Этот Боткин как истинный главный герой, изобретающий Шейда и прячущийся за Кинботом, был бы и правда совершенно на месте, если бы Набоков не предусмотрел еще одну версию. Как становится более или менее ясным под самый конец, она-то и была наиболее правдоподобной. Согласно ей, на кампусе действительно обитал некто, укрывшийся за фамилией Кинбот, однако его роль в описываемых событиях была не так уж велика: он лишь протоколист, записавший признания истинного виновника разыгравшейся трагедии с пальбой и трупом. А виновник — попросту сумасшедший; он улизнул из местной лечебницы, чтобы свести счеты с судьей, который поломал ему жизнь. Судьи, кажется, и правда тогда не было в Нью-Уае, пуля угодила в другого, не исключено, что это на самом деле был поэт и преподаватель колледжа Джон Шейд. Но одинокого короля и дальней Фулы, она же Зембла, не существовало иначе, как в бредовых фантазиях маньяка.
Впрочем, и это лишь вариант, пусть самый правдоподобный. Меж тем выяснить, кто же все-таки скрывается под маской Чарлза Кинбота, довольно существенно. Иначе остается расплывчатой основная линия развития сюжета. Событие, к которому стянуты все нити, — выстрел не то безумца, не то подосланного убийцы, гибель на месте того, кто, по заверению составителя Комментария, сочинил поэму «Бледный огонь» и носил имя Джон Шейд. Если автором поэмы на поверку был сам Кинбот, не мог же он, насмерть раненный, описать всю ту сцену перед домом, занимаемым Шейдом, которого он выдумал, и затем продолжить комментирование, дойдя до последней, 999-й строки. Но, с другой стороны, предположившие, что Шейд существовал не просто как персонаж поэмы, сочиненной Кинботом, но сам по себе и что поэма написана все-таки им, а не Кинботом, наталкиваются на препятствие, которое невозможно преодолеть: каким образом у комментатора уже имеется толкование того места поэмы, что еще не вышло из-под пера ее (надо все-таки заключить, что мнимого) автора? Сам же Кинбот в Комментарии сообщает, что строка 181-я шейдовской поэмы (и далее, до 230-й) писалась 5 июля 1959 года, однако его примечания к ним, следуя хронологии романа, составлены раньше, чем появился текст, который они комментируют. И выходит, Кинбот прекрасно знал, что и как ему надлежит объяснять, поскольку поэма, над примечаниями к которой он трудится, — плод его, а не шейдовского вдохновения.

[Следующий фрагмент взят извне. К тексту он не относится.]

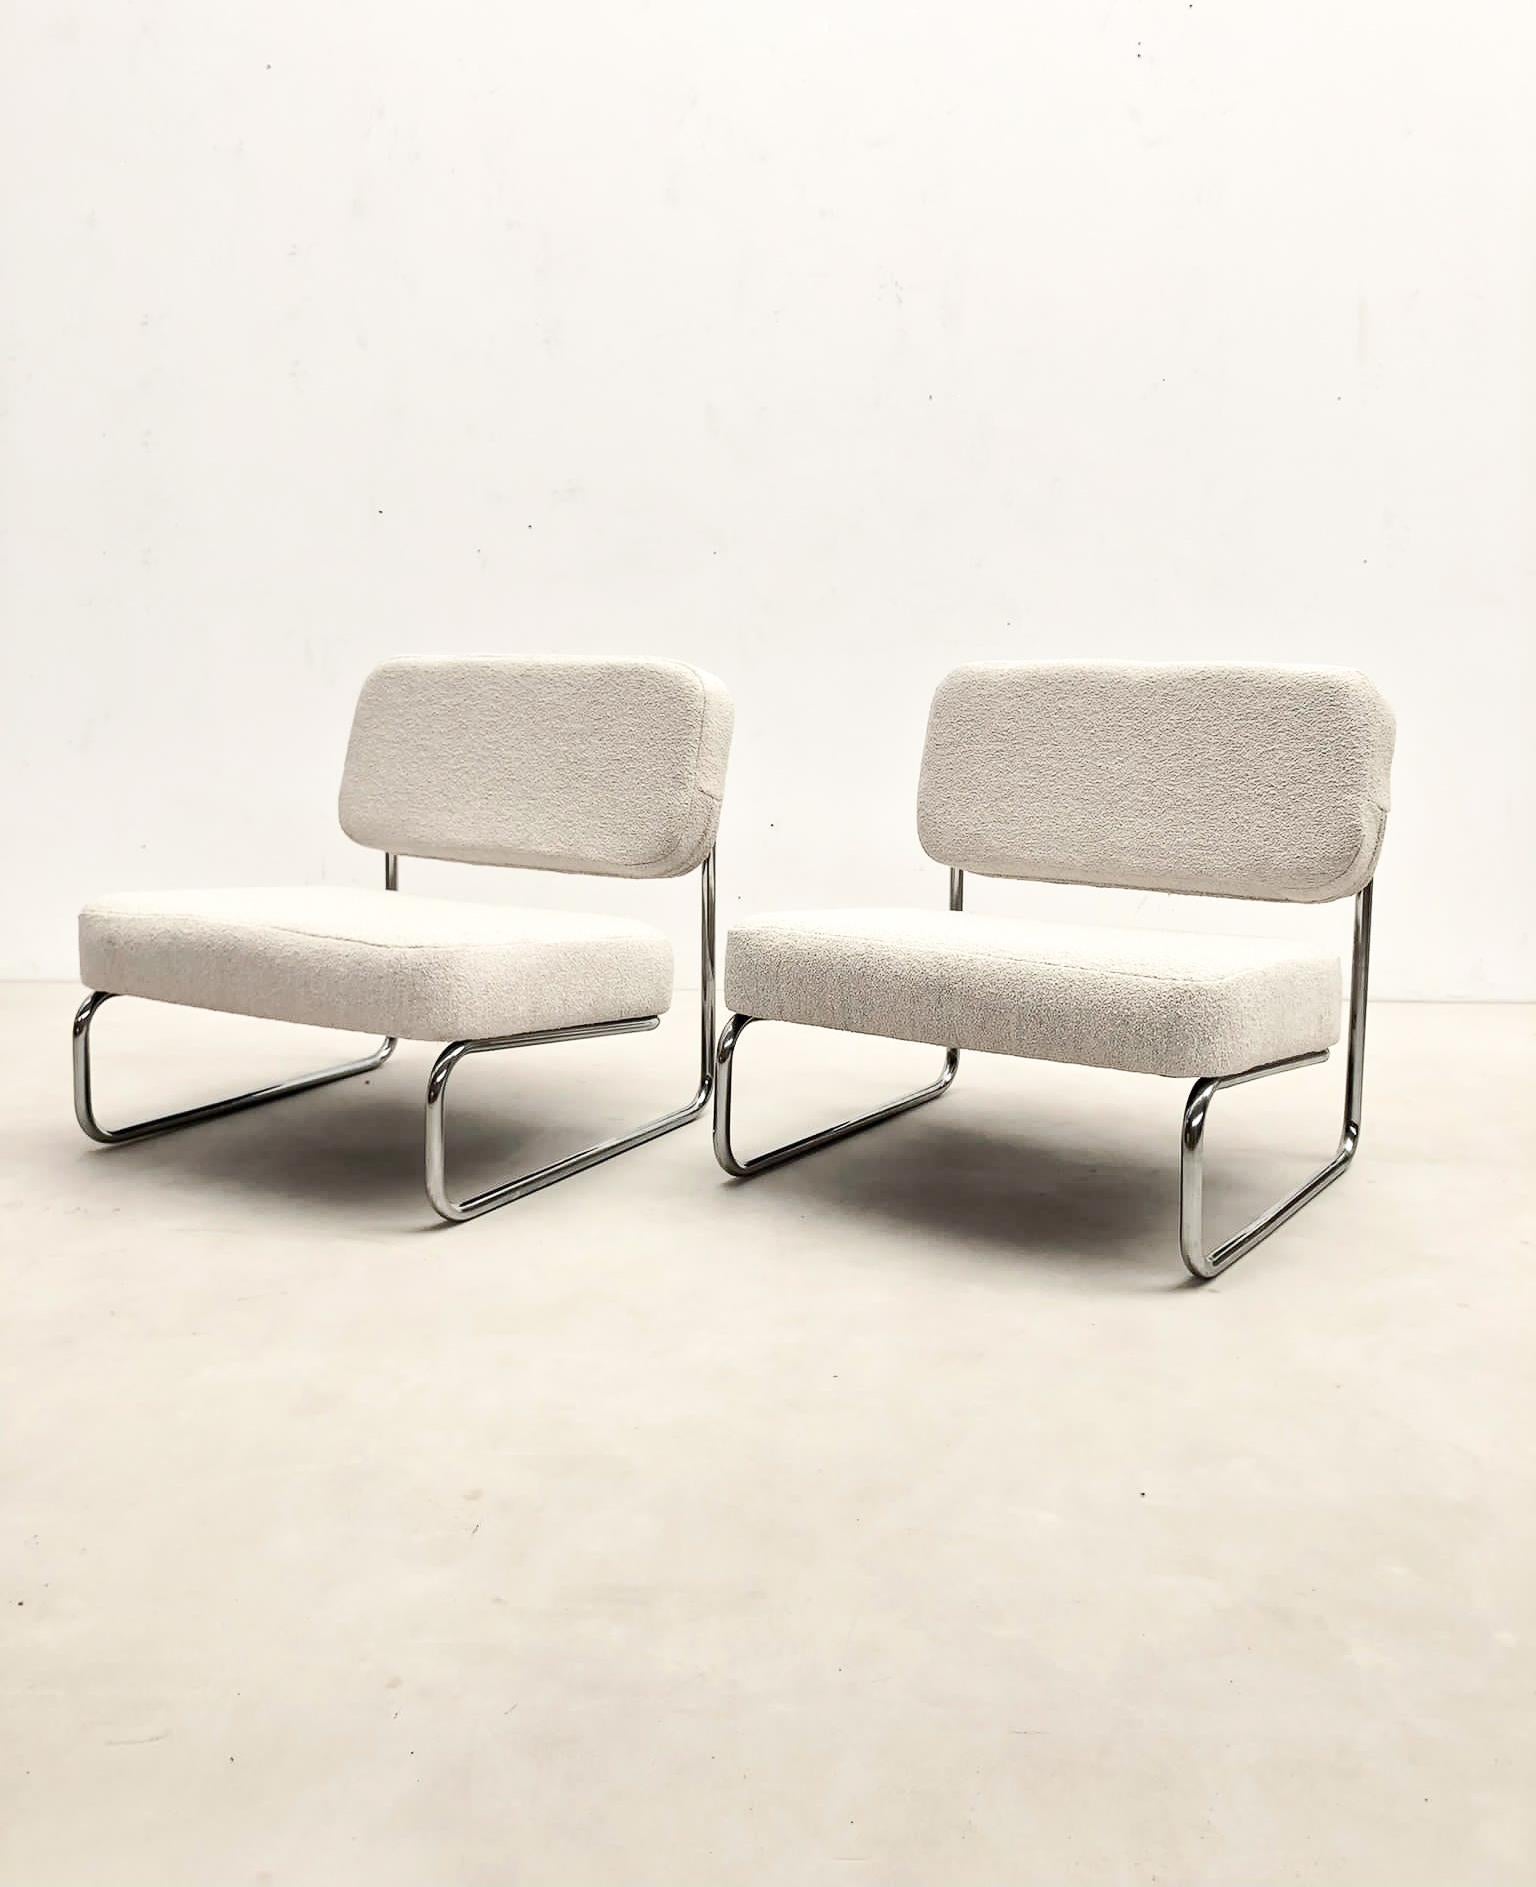 Mid-20th Century Mid-Century Modern Pair of Chairs, France, 1960s, New Upholstery

Но в таком случае для чего маскарад с Джоном Шейдом? И к чему, еще больше усиливая путаницу, намекать, что Кинбот, или, если угодно, Боткин — очень вероятно, тоже выдумка, а история с поэмой и примечаниями затеяна только ради камуфляжа, к которому прибег на удивление изобретательный безумец, чтобы никому в голову не могли прийти истинные мотивы его действий? Согласно Кинботу-Боткину, целью преступника, который погожим летним днем произвел несколько выстрелов, потрясших сонный Нью-Уай, был именно он, комментатор, который вовсе не филолог, а бывший король Земблы. Получив задание карательных органов, оттуда, из этой тиранической державы, прибыл с целью ликвидации бывшего монарха палач-профессионал. Шейд, по этой версии, просто пал жертвой случайного промаха, а еще точнее — скверной профессиональной выучки убийцы, который и прежде делал азбучные ошибки, а в конце концов отправил на небеса вовсе не того, кто был заказан. Однако, если версию Кинбота подвергнуть сомнению, заподозрив, что он всего лишь морочит простаков, выяснится заблуждение как раз тех, кто находил, будто убийца, фигурирующий под именами Градус, Жак Дегре, Джек Грей и описанный с явным отвращением, — отталкивающий тип с угрями по всему лицу, — к тому же был неумехой в своем гнусном ремесле. Ничего подобного, ремесло он знал. И укокошил Шейда вовсе не по неразумию, ибо в него и метил, веря, что никакой это не Шейд, а бывший судья, ныне преподаватель юридического факультета Голдсворт. Судья, если довериться Кинботу, отправился в положенный ему годовой отпуск и сдал комментатору свой дом. Хотя — как знать? Возможно, никуда он не отправлялся, никого в свой дом не пускал — и зря: не свалился бы тогда у собственного порога с пулей в сердце.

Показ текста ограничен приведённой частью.